#### DATASET EXTRACT

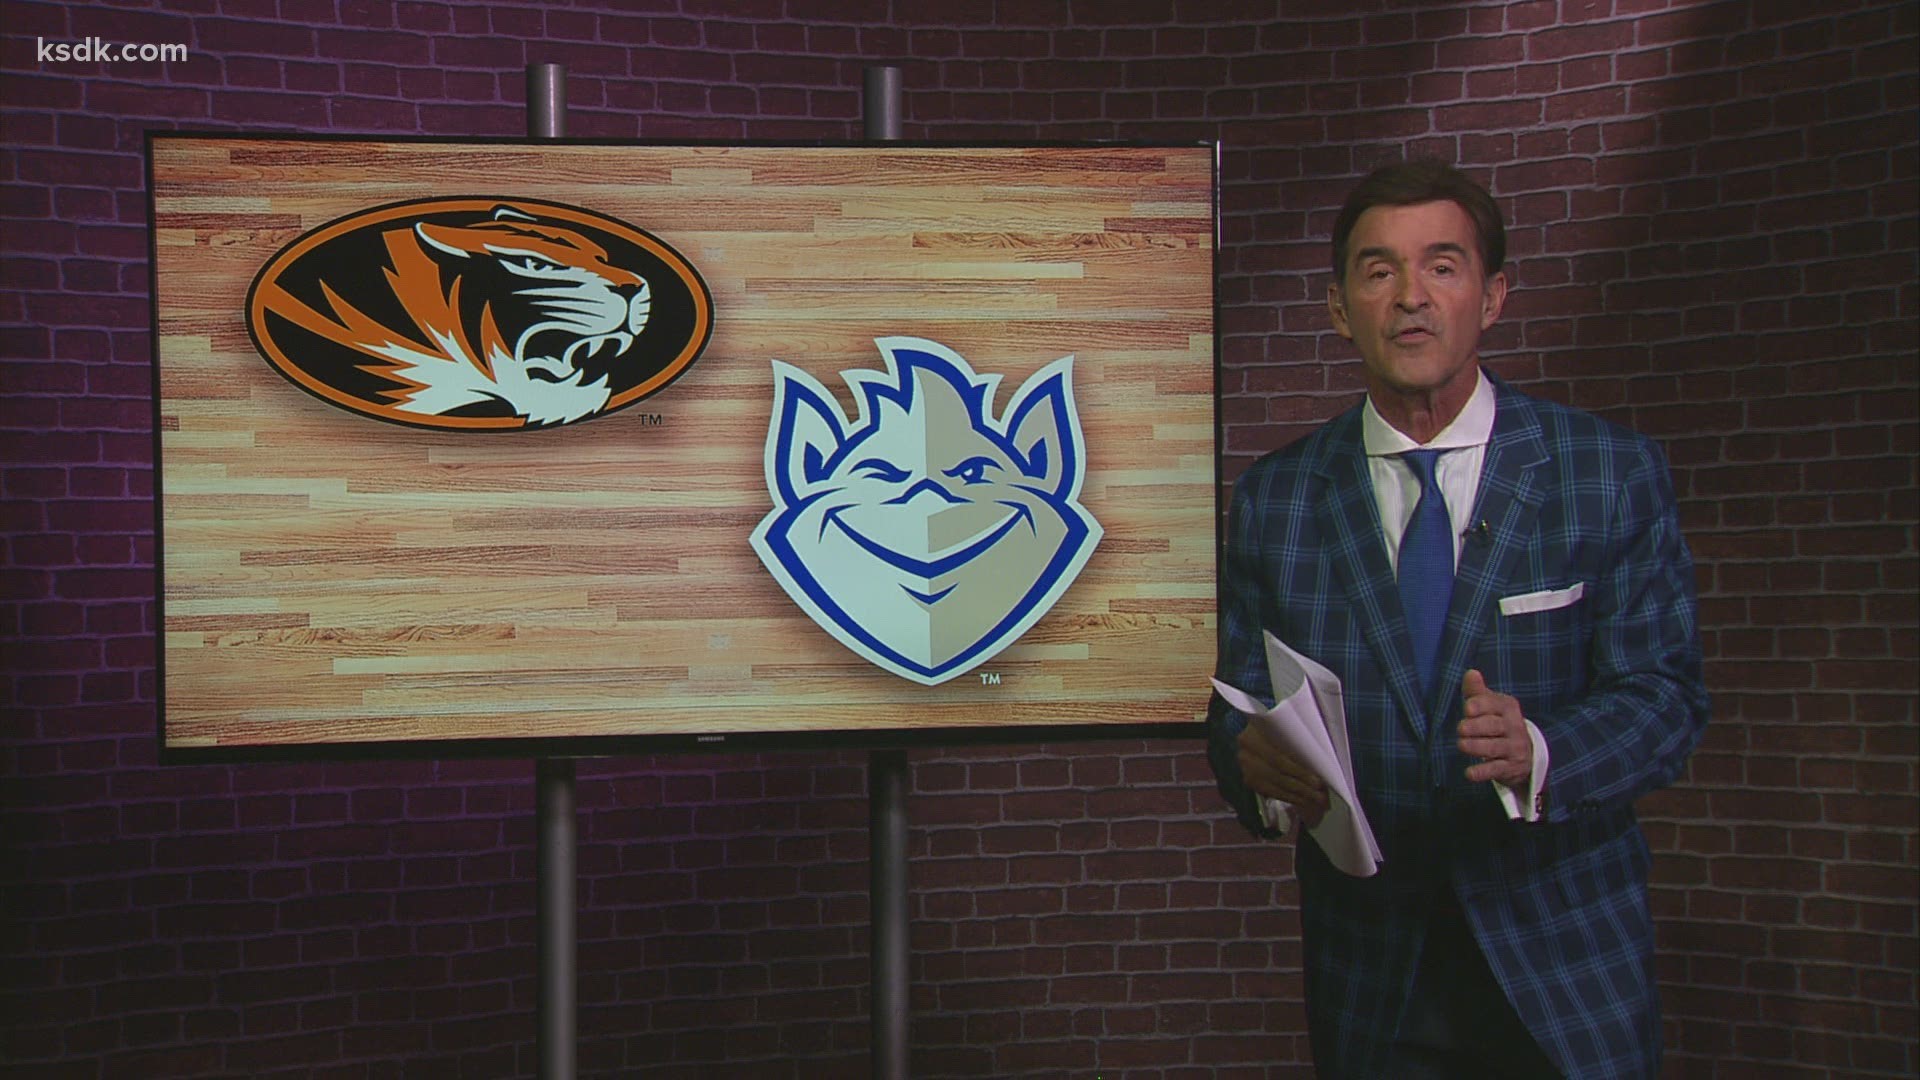 It makes too much sense, especially in these COVID-19 times. The Billikens and Tigers need to play this season.
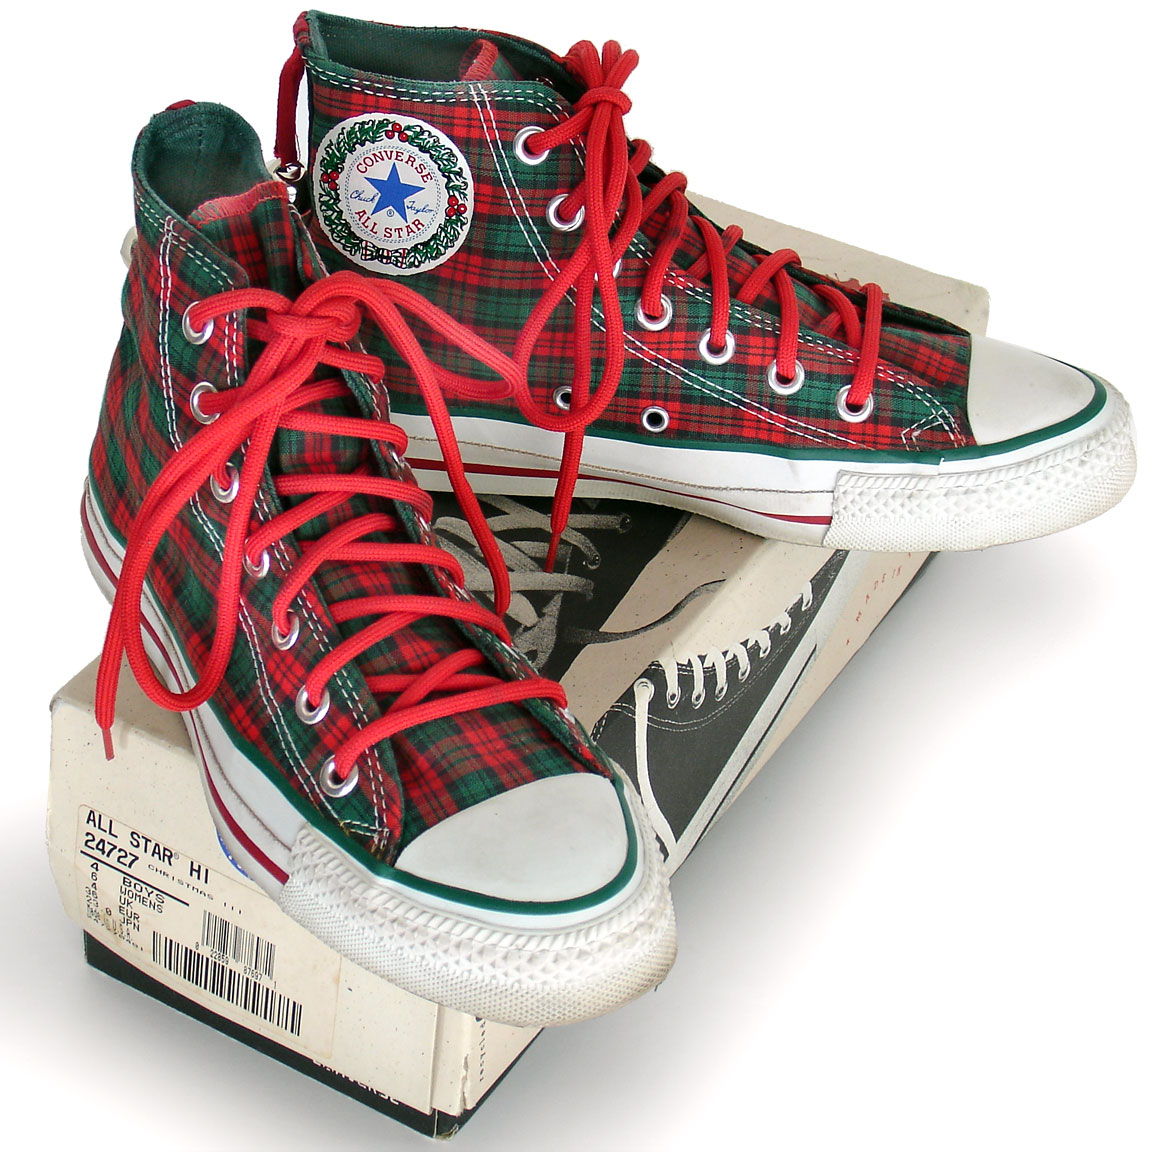 Vintage American-made Converse All Star Chuck Taylor Christmas plaid shoes for sale at http://www.collectornet.net/shoes
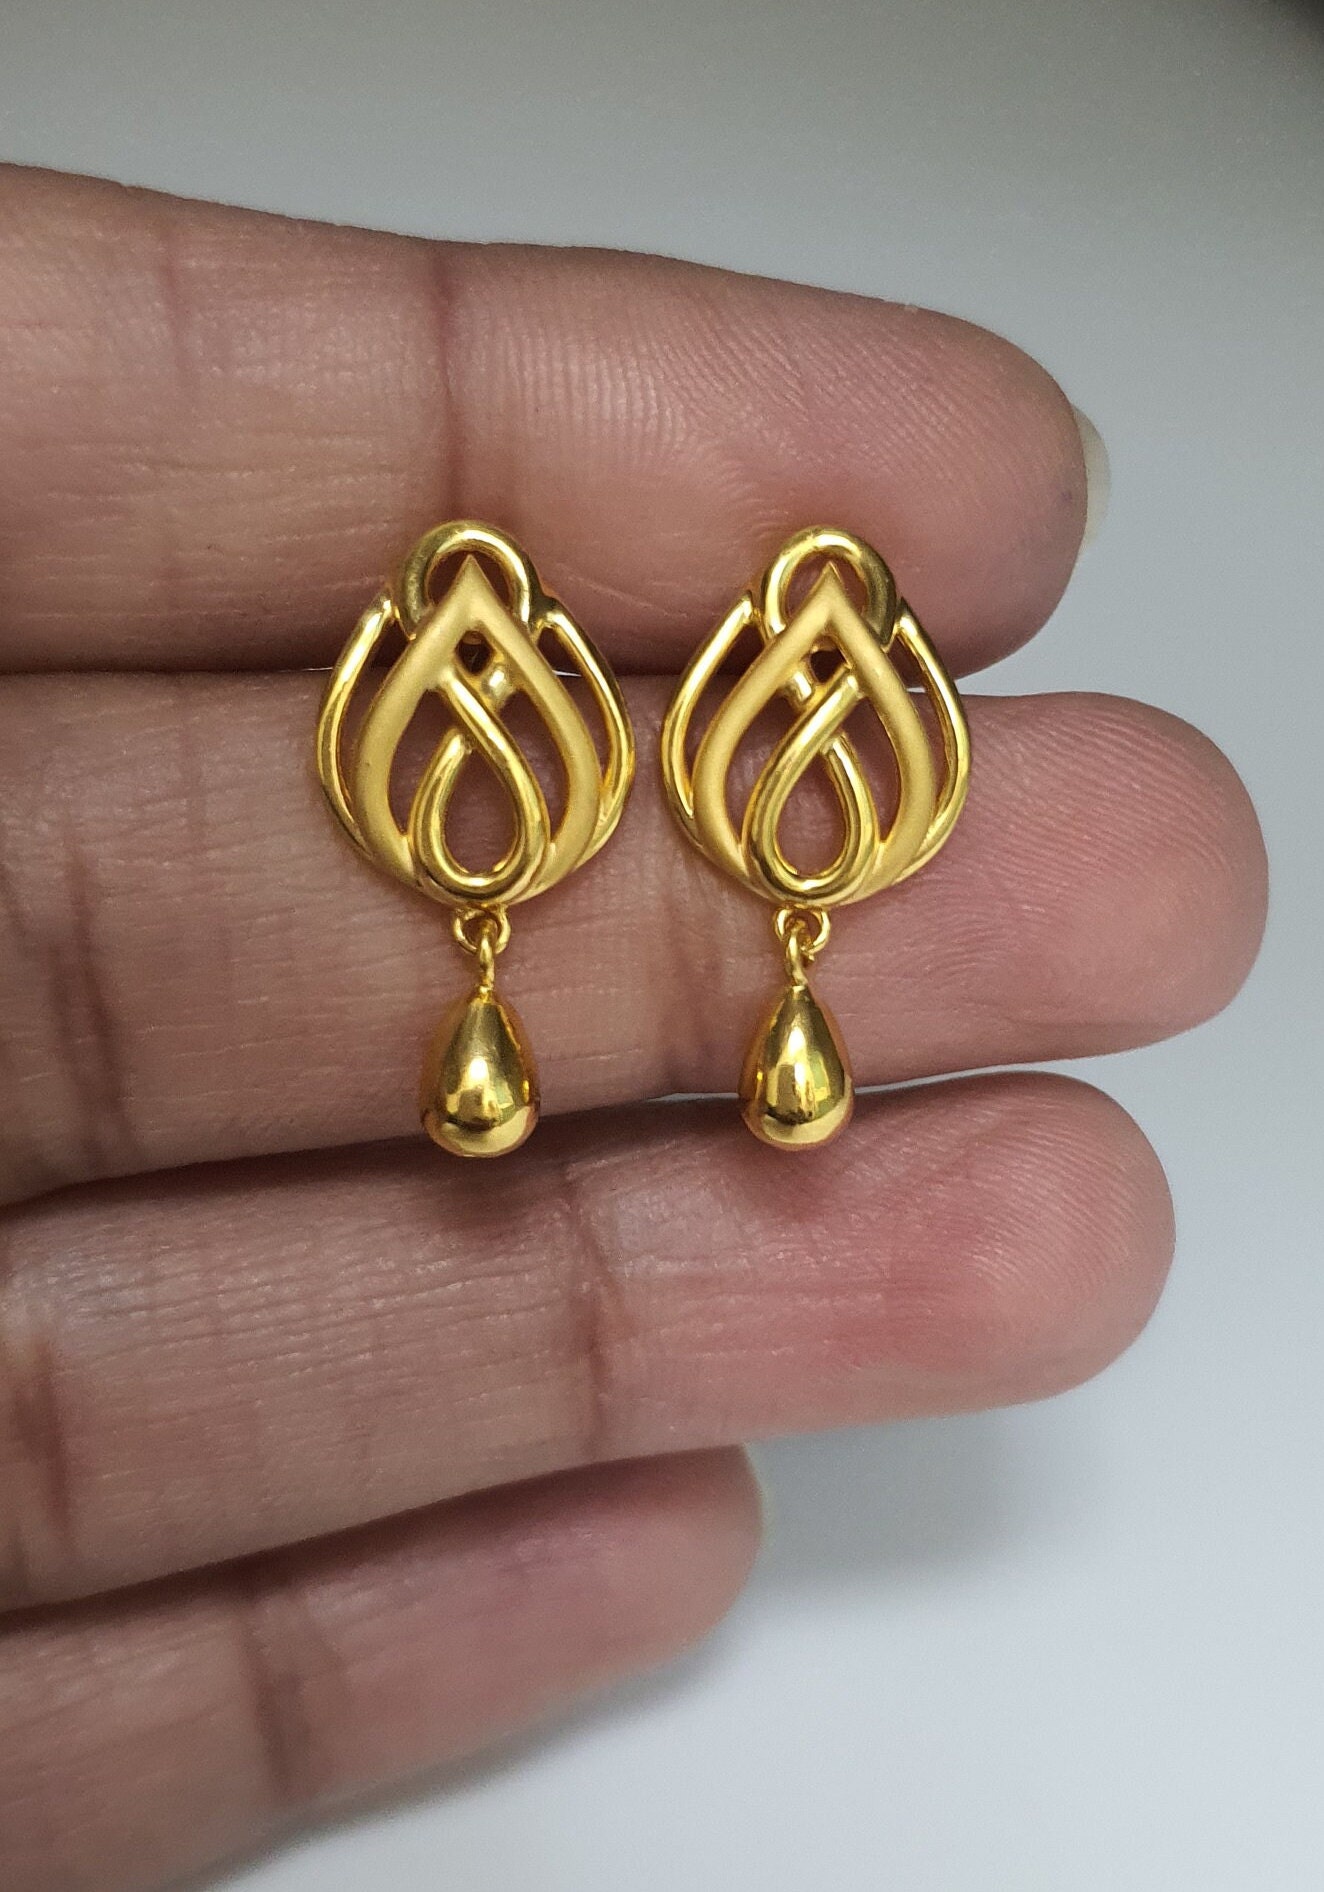 light weight gold earrings designs in 2 grams – Simple Craft Idea

########

> EXERCISE BRIEF
Take the data above and set it down exactly, images excluded.

> ANSWER TO THE PROBLEM
 It makes too much sense, especially in these COVID-19 times. The Billikens and Tigers need to play this season.
 Vintage American-made Converse All Star Chuck Taylor Christmas plaid shoes for sale at http://www.collectornet.net/shoes
 light weight gold earrings designs in 2 grams – Simple Craft Idea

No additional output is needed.